As a first pass at avoiding the crash, I think I'd prefer to go for strictness and raise a MalformedPDFError (see #454).

It's an interesting question though. My typical approach has been to conform to the common behaviour of other readers in most things.... other than in quietly skipping isolated invalid parts of a file that don't prevent the rest of the file being parsed. Maybe I should rethink that approach?

bcoles commented 2 years ago

It's an interesting question though. My typical approach has been to conform to the common behaviour of other readers in most things.... other than in quietly skipping isolated invalid parts of a file that don't prevent the rest of the file being parsed. Maybe I should rethink that approach?

Strictness is likely the best approach.

I didn't bother to look into the root cause of this specific issue. It depends on whether there is recoverable data that is lost/obscured.

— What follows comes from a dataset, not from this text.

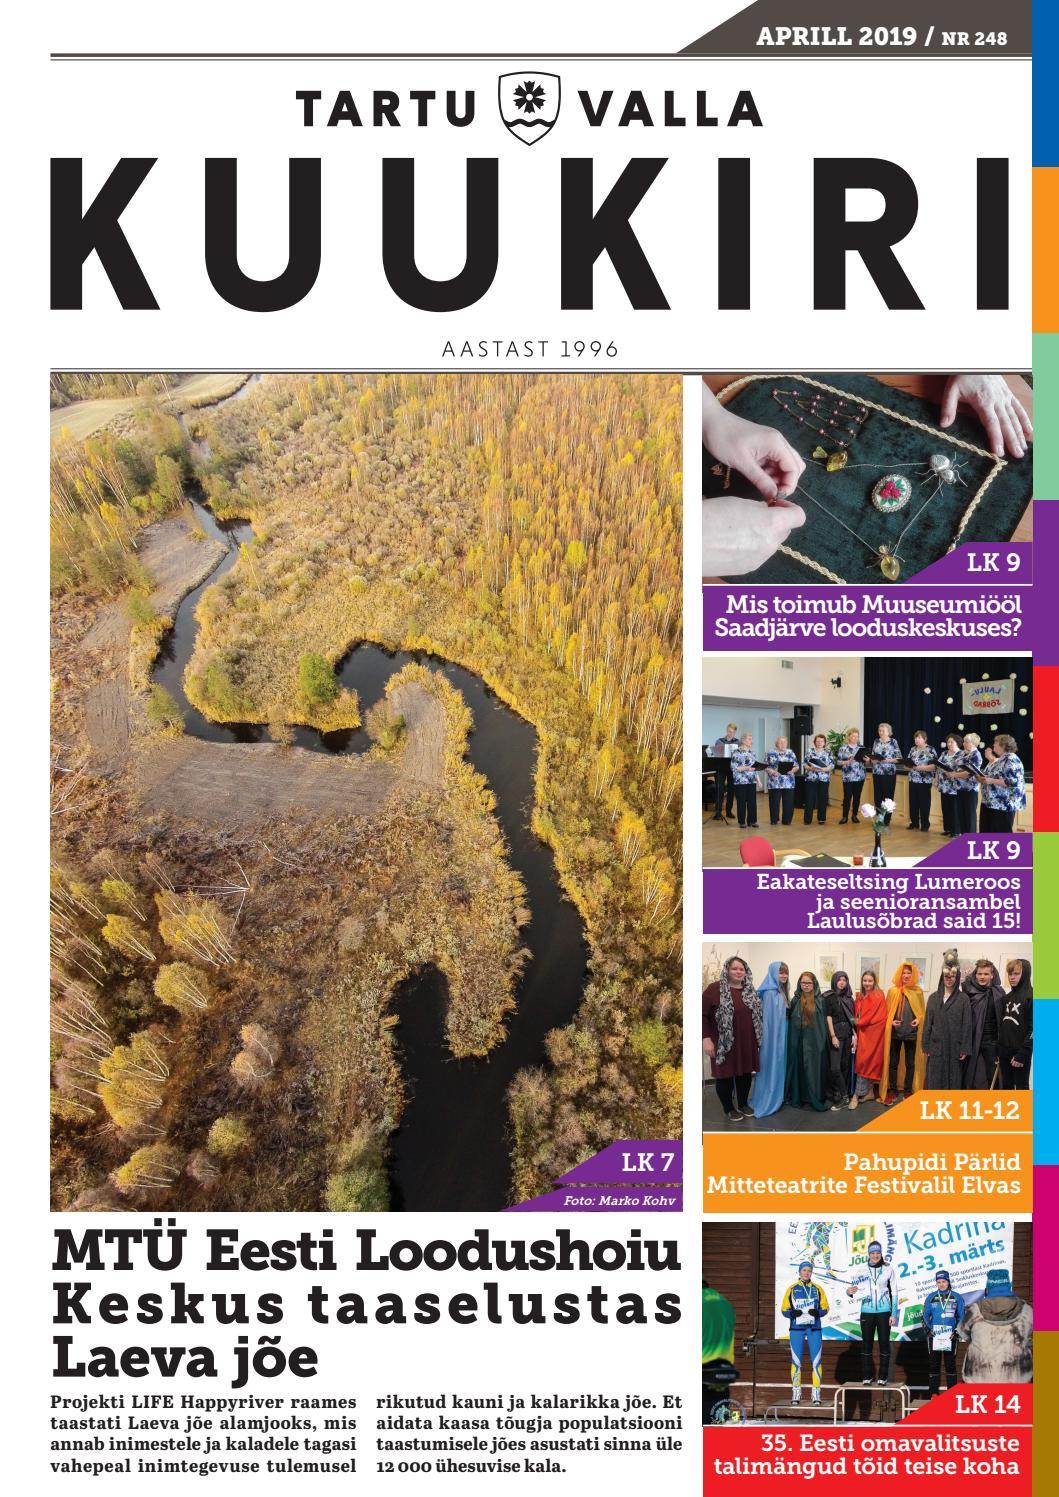 629250417f6 Tartu Valla Kuukiri (248) Aprill 2019 by Tartu Valla Kuukiri - issuu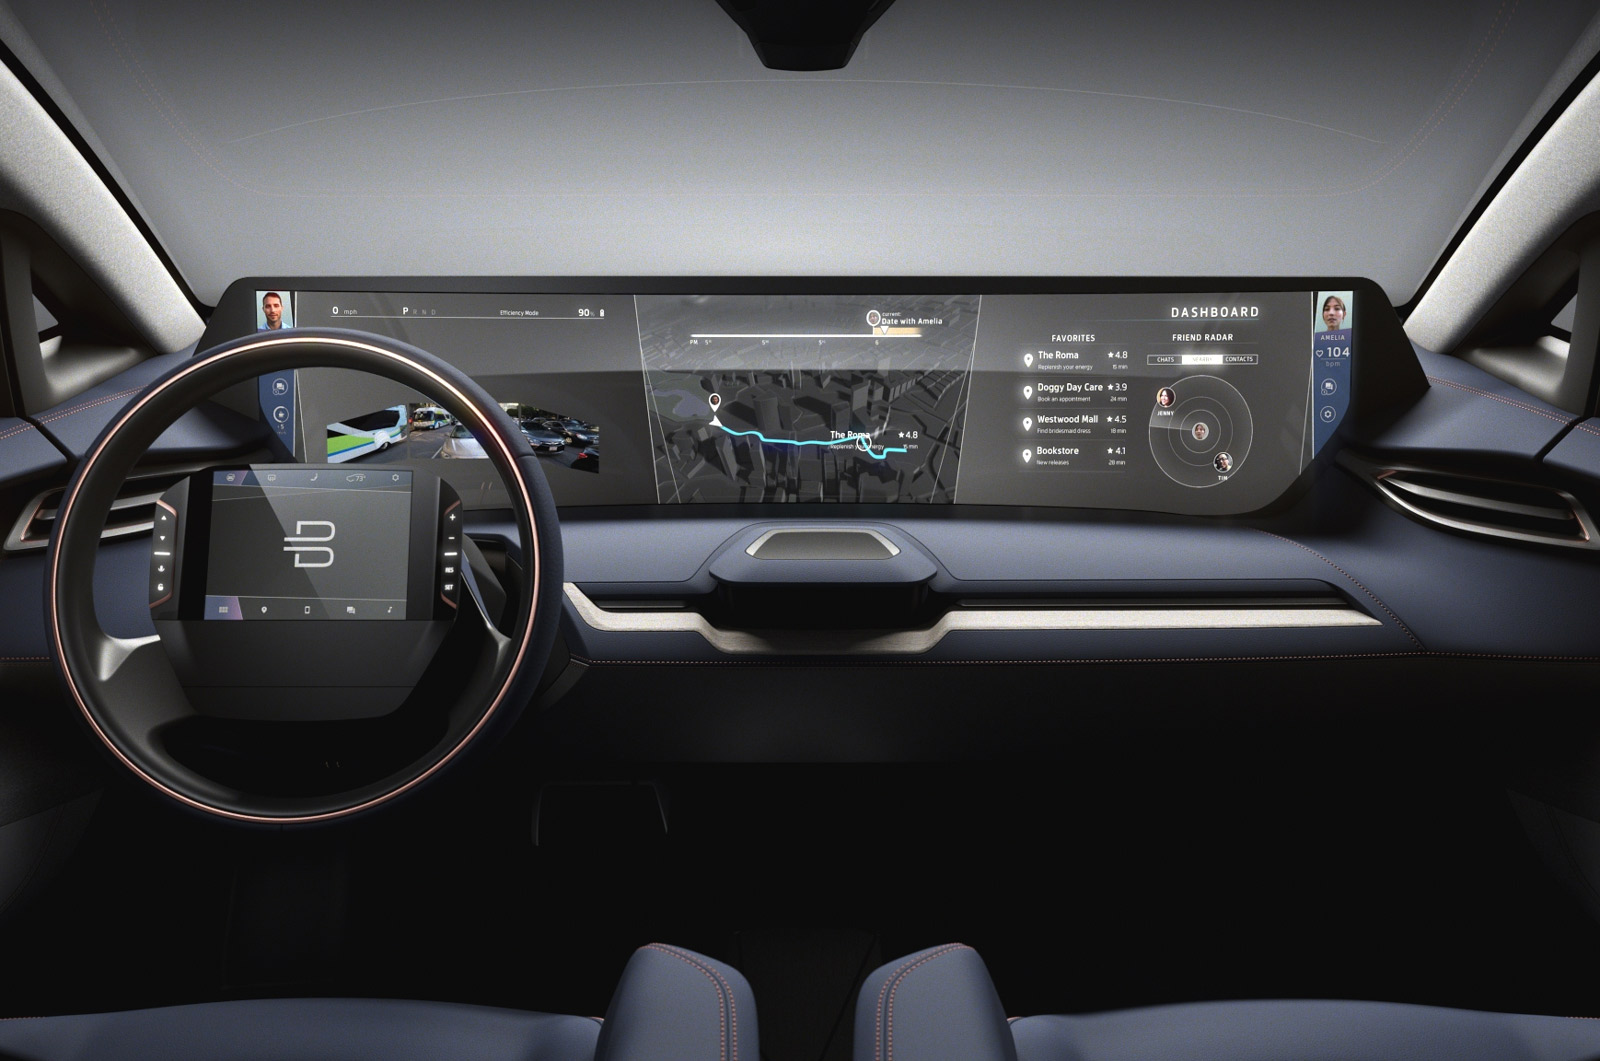 Byton onthult elektrische auto met 49-inch touchscreen - Technieuws

As pdf-reader is for content parsing, more so than rendering, it is unreasonable to compare use cases with the traditional liberal parsing employed by PDF viewers which attempt to perform a best-effort render of the document no matter what.

When leveraging a PDF parsing library, I'd like the option to access malformed PDF data that has been skipped even if it isn't included by default. For example:

I don't consider invalid fonts to be fatal (#453)
Elsewhere on the issue tracker there is discussion about discarding text rendered in tiny font. That's the kind of thing that I'd like to at least know about if it exists, and have some way to access it, even if it isn't included in the page_text by default.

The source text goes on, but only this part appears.